The SR22's demonstrated crosswind capability is 17 knots — that is the maximum crosswind in which the airplane was tested and found to be controllable by an average pilot. Gusts above that are beyond the tested limit. Your personal minimums should be lower than the demonstrated capability — typically 3–5 knots lower. If gusts are at 18 knots and your personal minimum is 15 knots, the gusts exceed your personal limit. The go-around or diversion is the correct decision, not an attempt to land.
Recognize the limit early — at 50 ft AGL, not at 20 ft AGL.
In this scenario, you recognized the drift at 200 ft AGL and again at 50 ft AGL. At 50 ft AGL, you had a clear decision point: commit to a go-around or attempt the landing. A go-around at 50 ft AGL is safe and clean. A go-around at 20 ft AGL is survivable but marginal. A late abort at 40 ft AGL without a clean go-around profile is dangerous. Recognize the limit early and execute a clean go-around before the airplane is committed to landing.
A clean go-around profile is: reduce power, maintain airspeed, retract flaps, climb.
The SR22's go-around procedure is: (1) Reduce power to idle (or a reduced setting for a shallow go-around), (2) Maintain 77 KIAS (Vref) to preserve control authority, (3) Retract flaps from 50% to 25% (or full retraction if altitude permits), (4) Climb to pattern altitude. Do not pitch up abruptly without reducing flaps or establishing a stable airspeed — that invites a stall. Do not add power without reducing flaps — that causes a float and a slow climb. Execute the procedure cleanly and the go-around is safe.
The SR22 is a high-performance, high-energy airplane — it floats in a crosswind landing.
The SR22 has a constant-speed prop, a fuel-injected Continental IO-550-N (310 hp), and a glass Perspective panel. It is fast, responsive, and energy-rich. In a crosswind landing, the airplane floats — it does not want to touch down. The high energy state means you need more runway, more altitude margin, and more control authority to manage a crosswind. Recognize that the SR22 is not a forgiving airplane in marginal conditions; it requires precise control and early decision-making.
If you go around once, be prepared to divert if conditions do not improve.
In this scenario, you went around at 50 ft AGL because the gusts exceeded your personal minimums. You re-entered the pattern and found the same wind conditions — 310° at 12 gusting 18 knots. The conditions did not improve.

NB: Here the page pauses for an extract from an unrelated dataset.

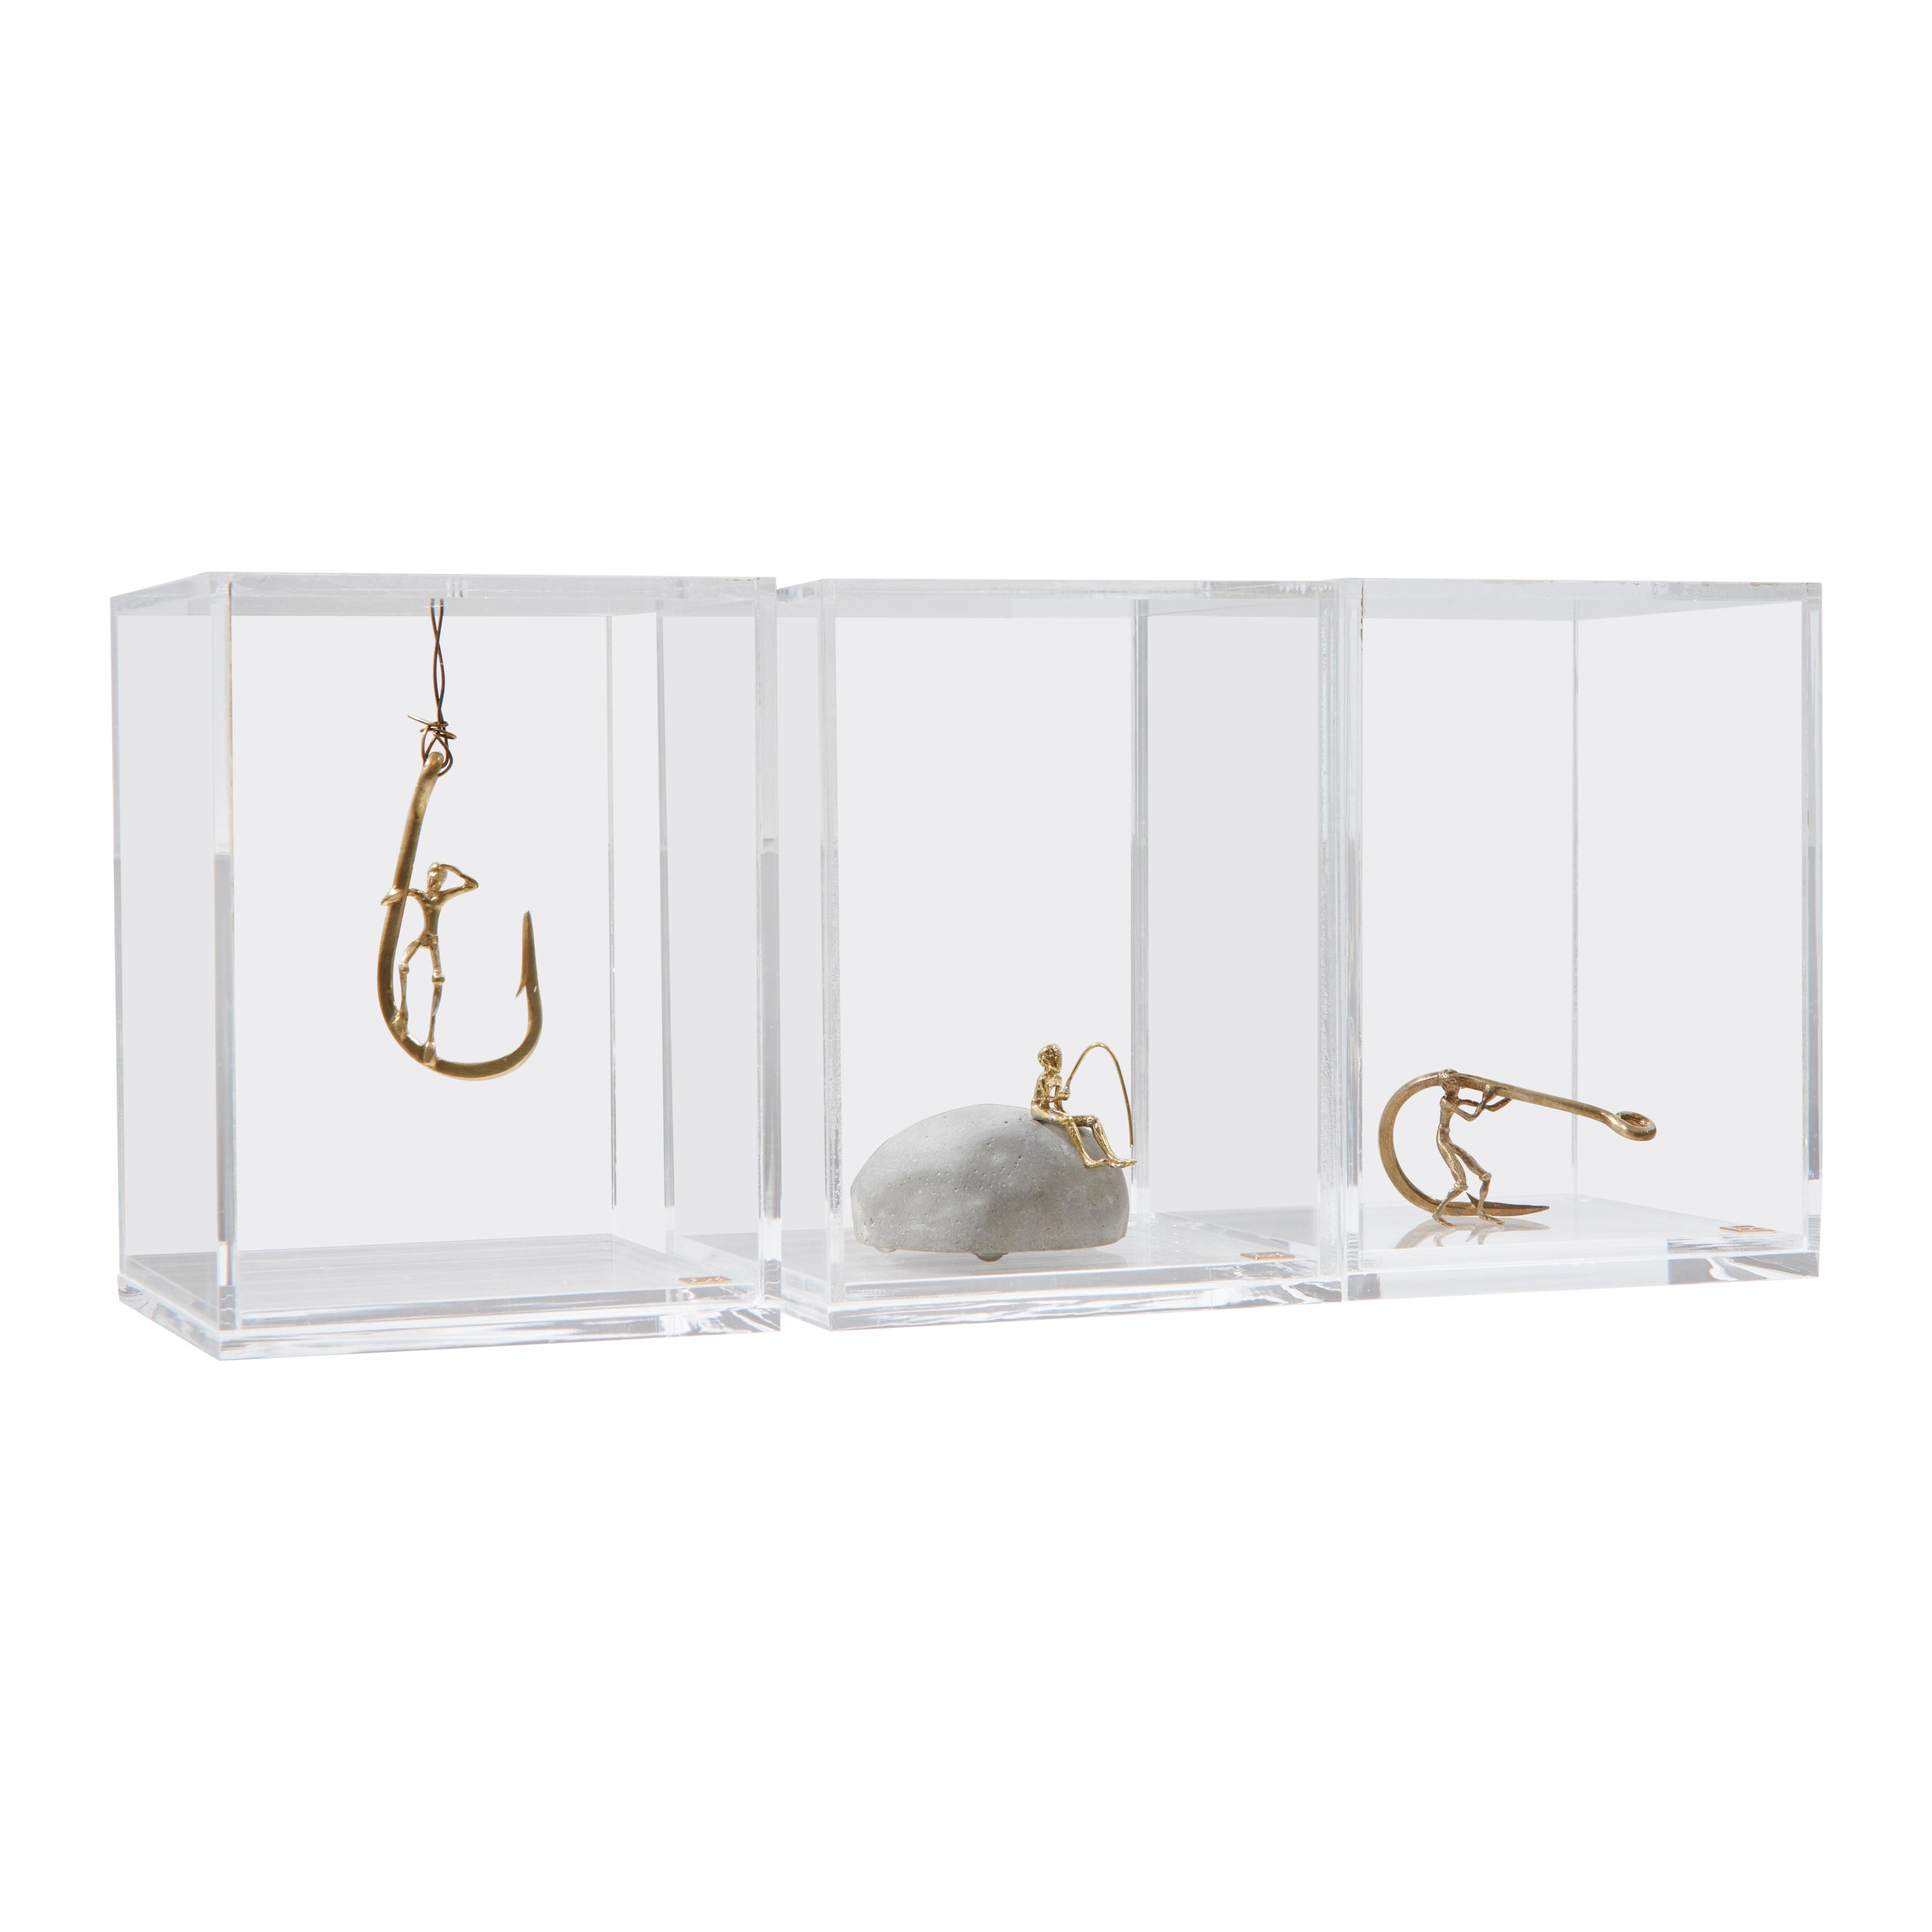 Sculpture Series, Pescador 'Fisherman' Brass Sculptures, Acrylic Box 'Set' For Sale

The correct decision at that point was to divert to a nearby airport with a more favorable wind, not to attempt a second or third approach in the same marginal conditions. Recognize when conditions are not going to improve and commit to a diversion early.

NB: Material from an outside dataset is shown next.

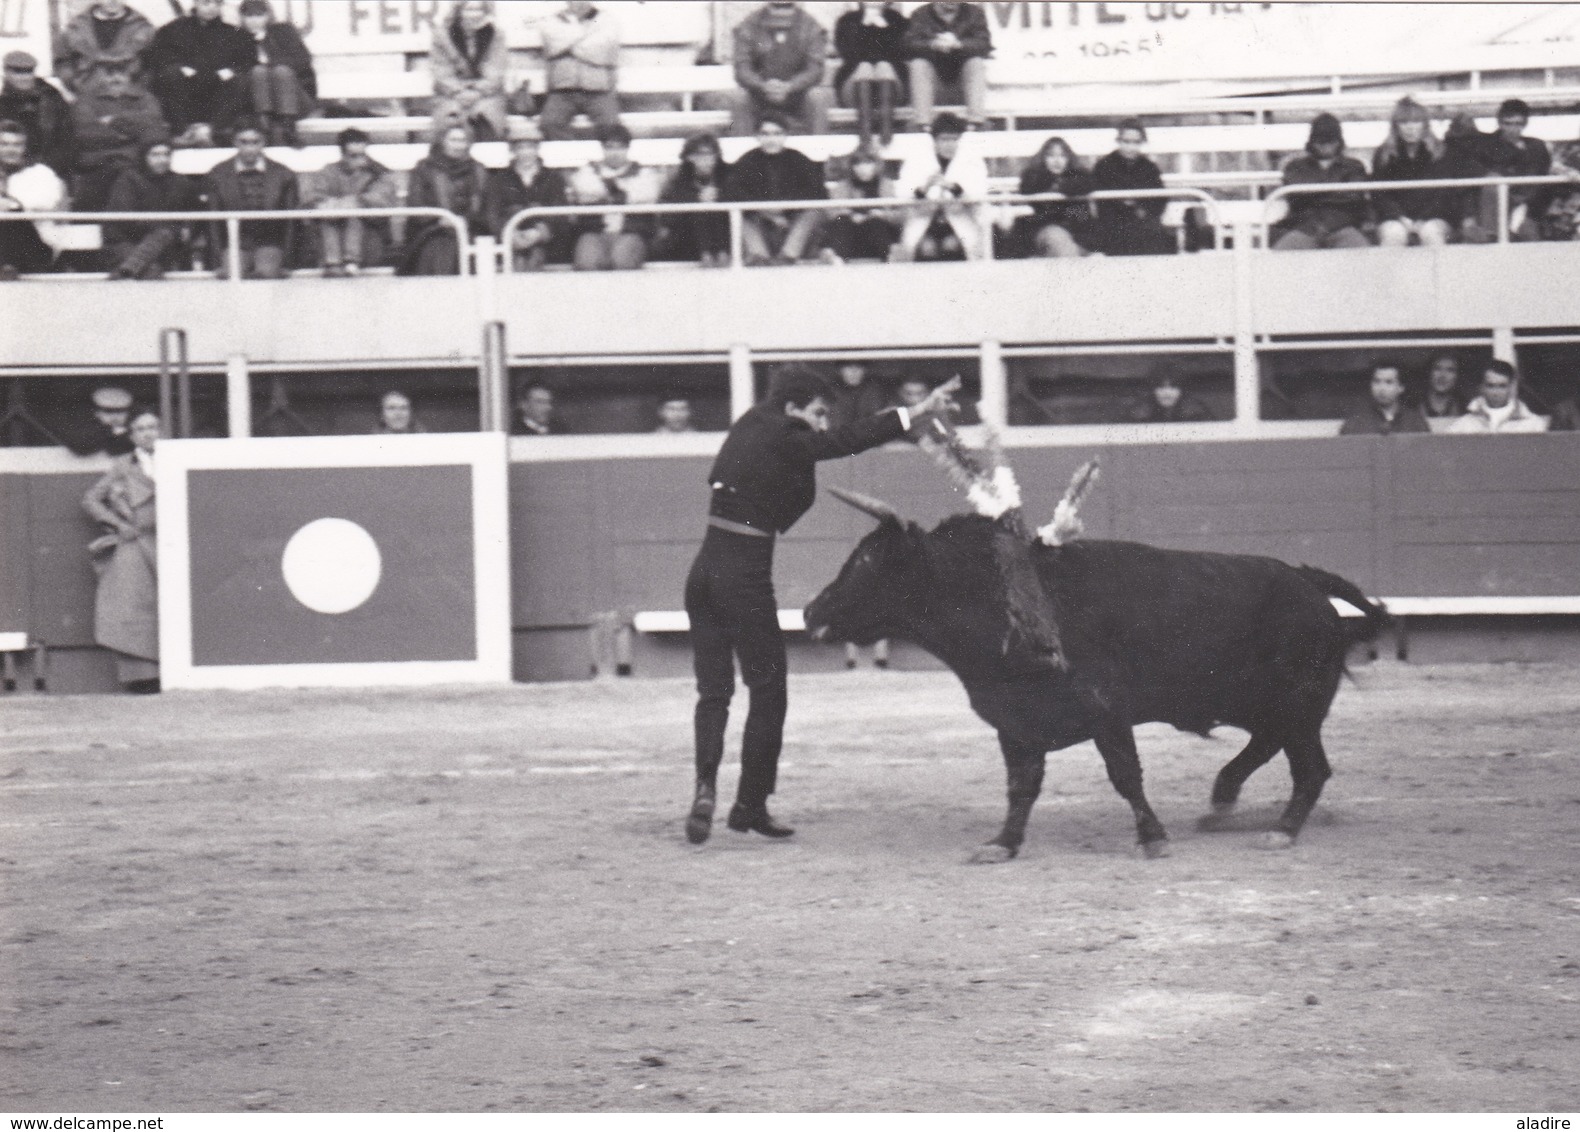 Collections de 93 photos NB et couleur CORRIDA DE TORO, course de taureau, TOREADOR, picador avec/sans mention au verso

Off Runway 34 at KCLW, the off-field environment is low-density and medium development — not a safe forced-landing option.
The off-field environment off Runway 34's climb-out (heading 335°) is low-density development, medium development, and open developed areas (parks/large lots). It is not open water, but it is not a safe forced-landing option either. If you lose directional control during landing and veer off the runway, you will impact terrain, structures, or obstacles. The correct decision is to go around and divert, not to attempt a landing in marginal conditions and hope for the best.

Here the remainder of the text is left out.